WORK ITEM:
Look below for the lines from the one with "kiln pottery fire" to the one with "Cross Winds Apartments logo", and copy exactly those lines, both ends included.

===== THE DATA

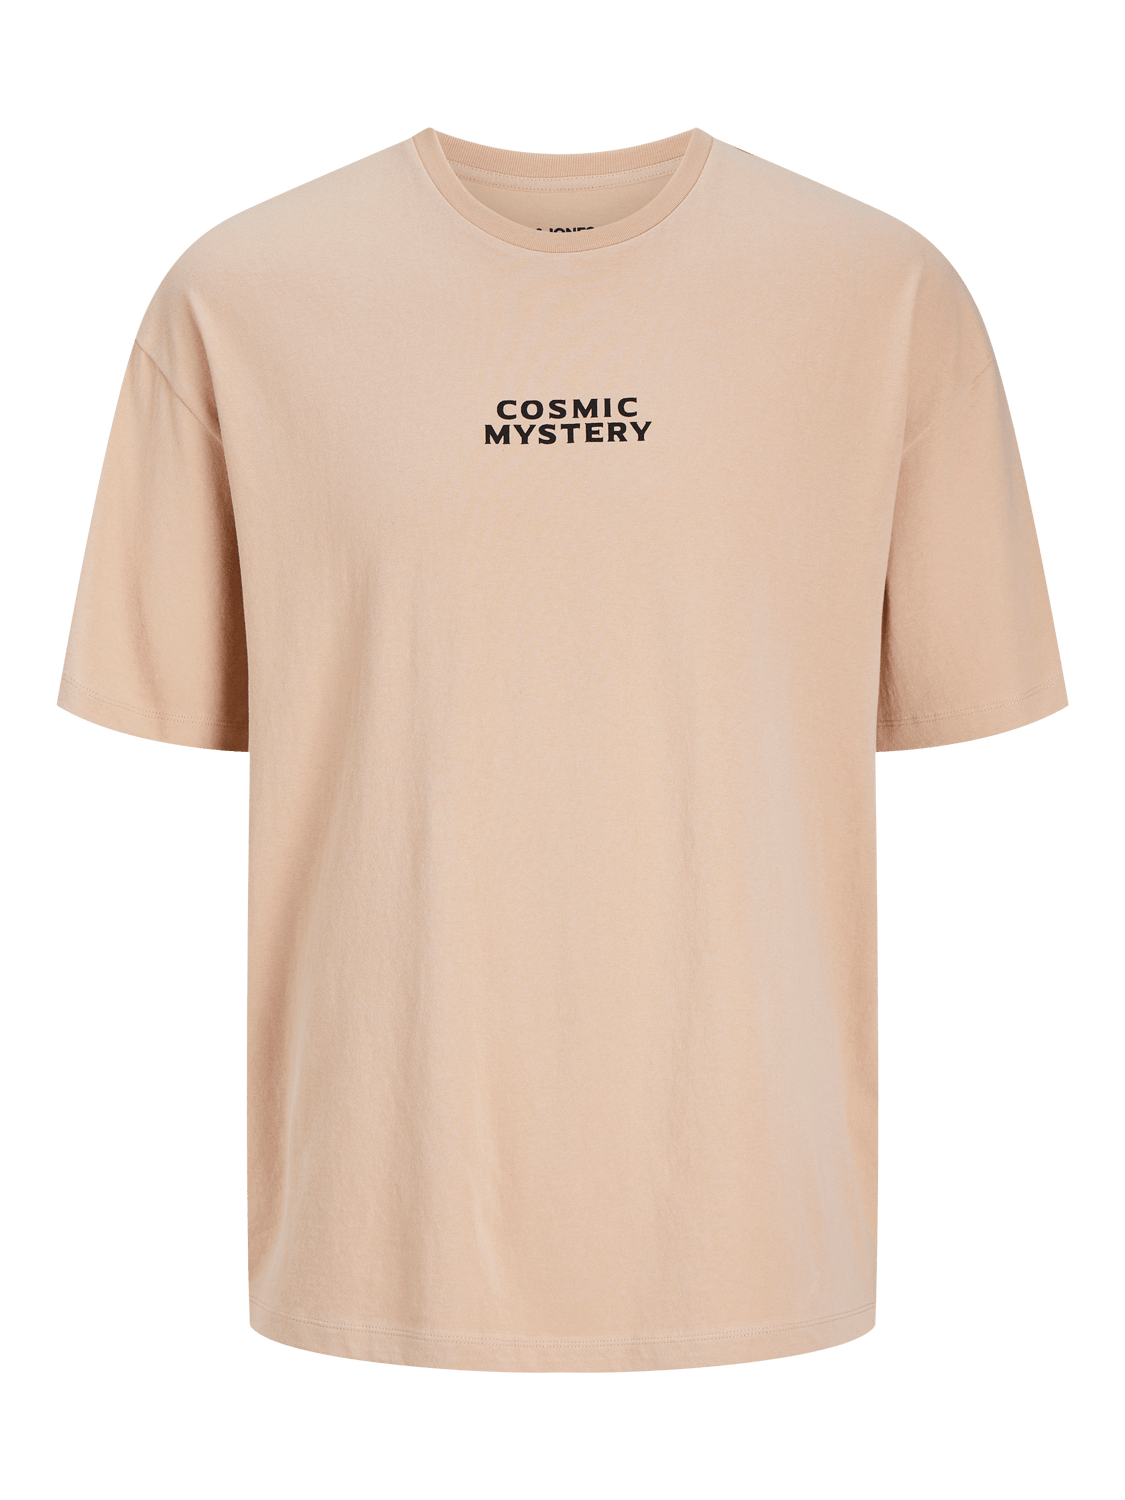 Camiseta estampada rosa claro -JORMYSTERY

==========
===== THE DATA

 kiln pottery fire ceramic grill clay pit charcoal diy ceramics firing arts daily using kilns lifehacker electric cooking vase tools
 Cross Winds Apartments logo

==========
===== THE DATA

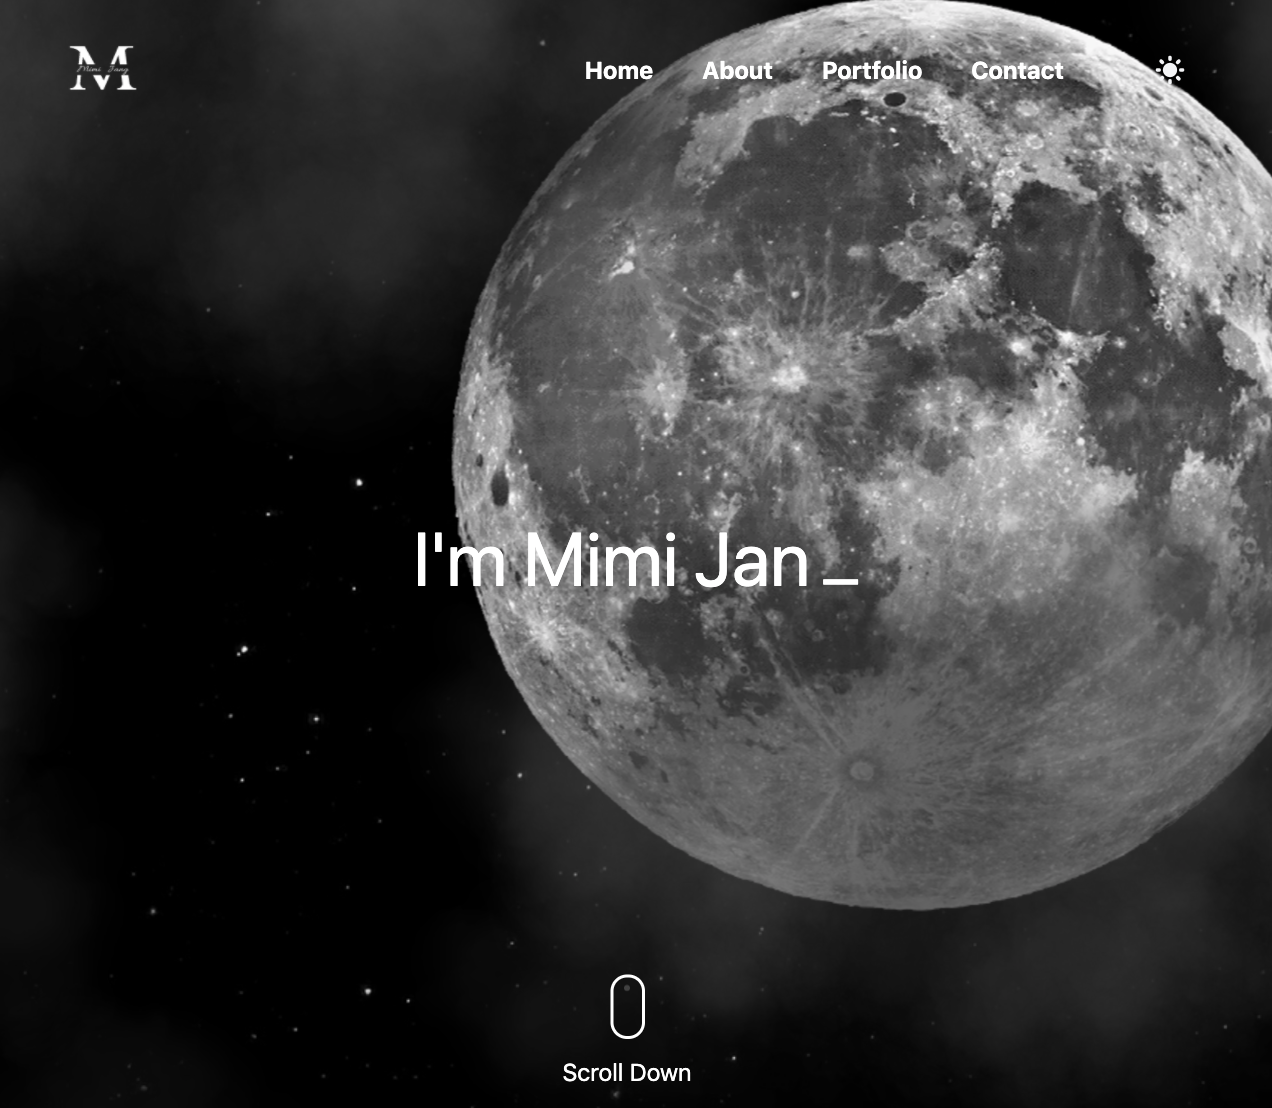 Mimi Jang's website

==========

RESULT OF THIS EXERCISE:
 kiln pottery fire ceramic grill clay pit charcoal diy ceramics firing arts daily using kilns lifehacker electric cooking vase tools
 Cross Winds Apartments logo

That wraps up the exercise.